Canada Geese are common in our area and most are considered permanent residents. There will also be flocks of migrating geese that spend their winter in our area. The majority of these migrating geese will be Canada Geese but there are other geese species that are less frequently seen. The Spring Creek Marina, South Fork State Recreation Area and Ruby Lake National Wildlife Refuge are all possible locations to see geese. Geese are also found in Elko on the Golf Course and along the Humboldt River when the water is open. The pictures accompanying this article were taken at the Spring Creek Marina.
The more common Canada Goose is a big waterbird (length: 29.9-43.3 in. wingspan: 50 – 66.9 in.) with a long neck, large body, large webbed feet and a wide, flat bill. Canada Geese eat grain from fields, graze on grass and dabble in shallow water by tipping forward and extending their necks underwater. Most of the year they are found in large flocks and many of the birds may be related to one another. They mate for life and pairs remain together throughout the year. As long as there is some open water and available food resources they can remain in areas where temperatures are extremely cold.

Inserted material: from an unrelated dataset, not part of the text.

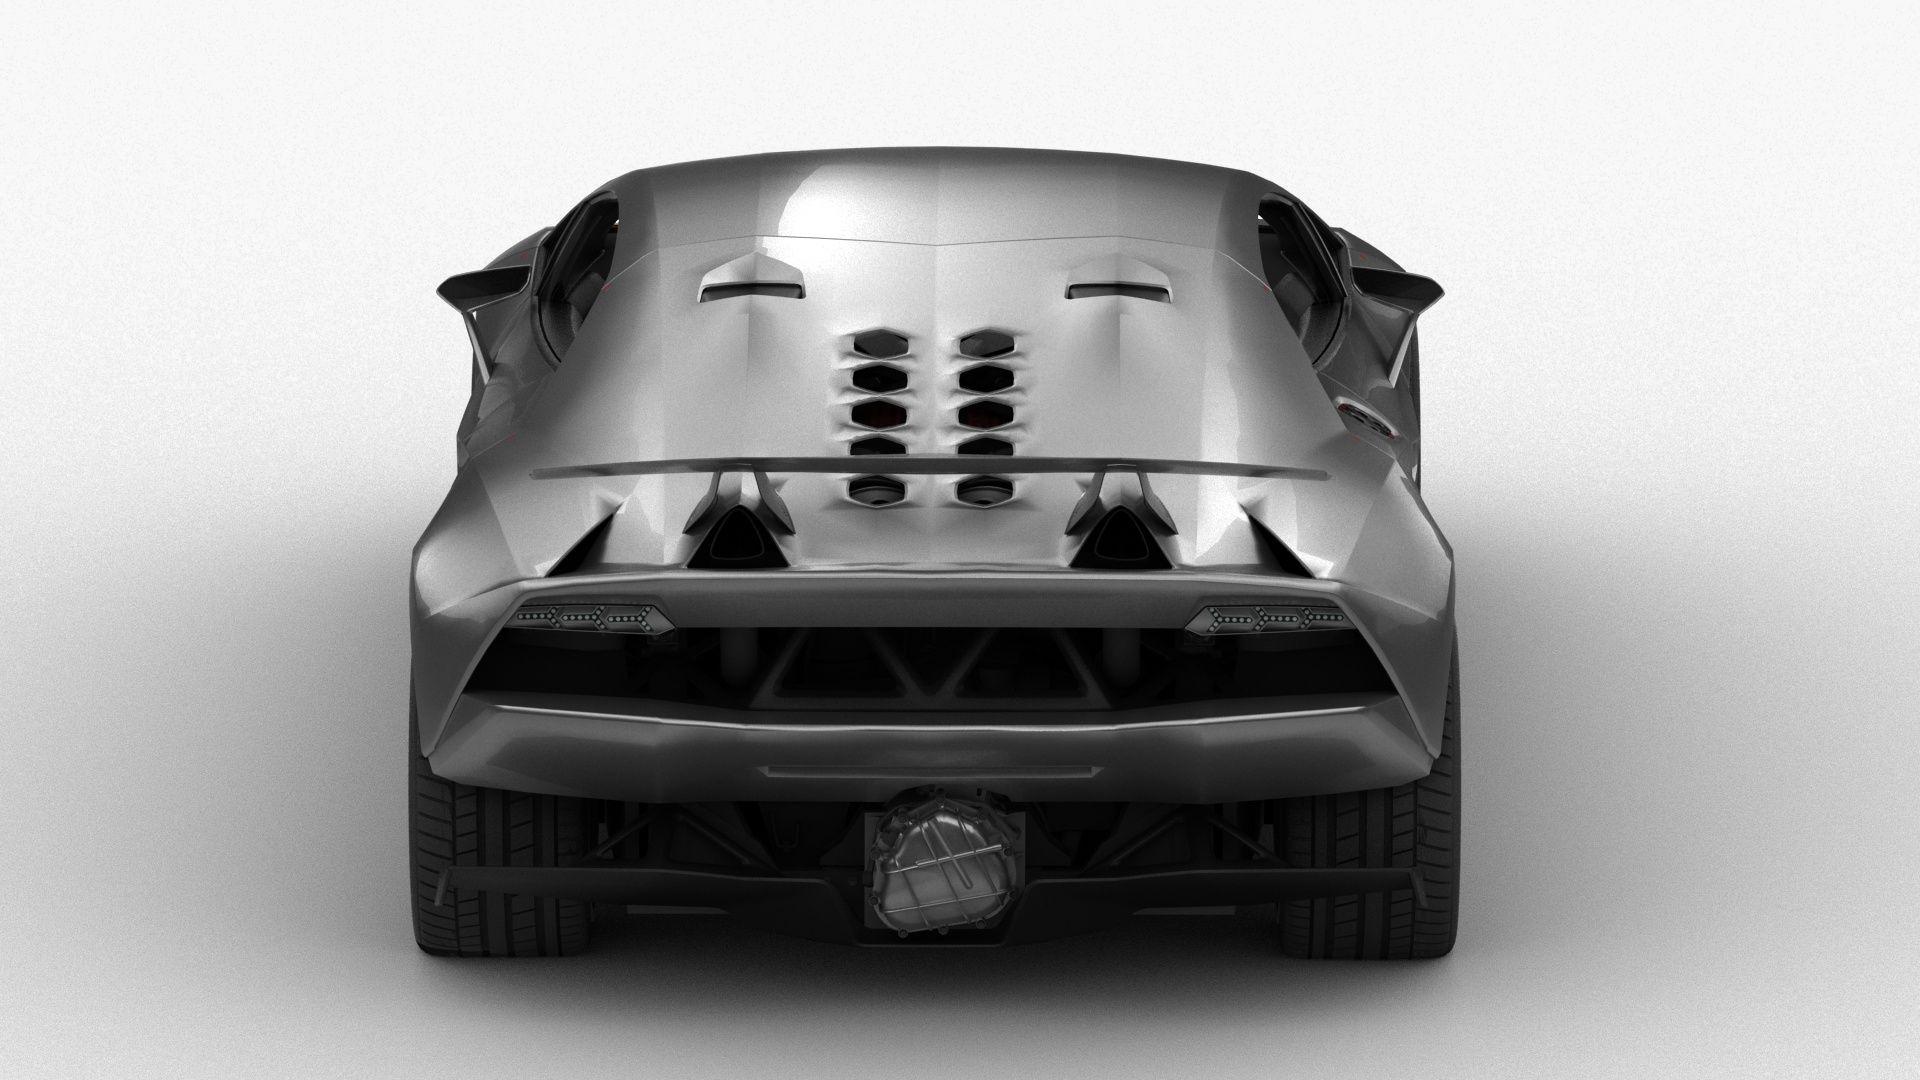 Lamborghini Sesto Elemento 2012 #Sesto, #Lamborghini, #Elemento #lamborghinisestoelemento

The Snow Goose is a medium-sized goose (length: 27.2-32.7 in. wingspan: 54.3 in) with a hefty bill and long, thick neck. It is a white-bodied goose with black wingtips that are barely visible on the ground but noticeable in flight. The pink bill has a dark line along it, often called a “grinning patch” or “black lips.” Juveniles are slightly smaller than adults. All Snow Geese migrate, making long flights broken up by long stopovers in staging areas. They fly quickly and at high altitudes in narrow flight lanes, heading more or less due south from the breeding grounds on the arctic tundra to a wintering site at roughly the same longitude. They prefer the protection of being with other geese. Groups of Snow Geese numbering in the thousands can be found in other wintering areas. They are not common in our area and it is typical for less than a dozen birds to be found here with Canada Geese flocks.
Snow Geese eat grasses, sedges, rushes, forbs, horsetails, shrubs, and willows. They will consume nearly any part of a plant—including seeds, stems, leaves, tubers, and roots—either by grazing, shearing plants off at ground level, or ripping entire stems from the ground. They also mate for life.
The less common Greater White-fronted Goose is a medium-sized (length: 25.2-31.9 in. wingspan: 53.1 in), heavy-bodied goose with a small bill, thick orange legs, and a short neck. Adults are mostly brown with white feathering around the base of a pinkish-orange bill. Black barring marks the belly and the undertail is white. They often hang out in groups with Snow and Canada Geese, where their brown plumage and medium size should help separate them. They breed in the arctic tundra but winter further south mainly along the west coast, gulf coast and Mexico. During the winter they eat seeds, tubers and grasses. Greater White-fronted Geese form long-term pair bonds and stay together year-round. Pairs are often accompanied by their young for the first year or more.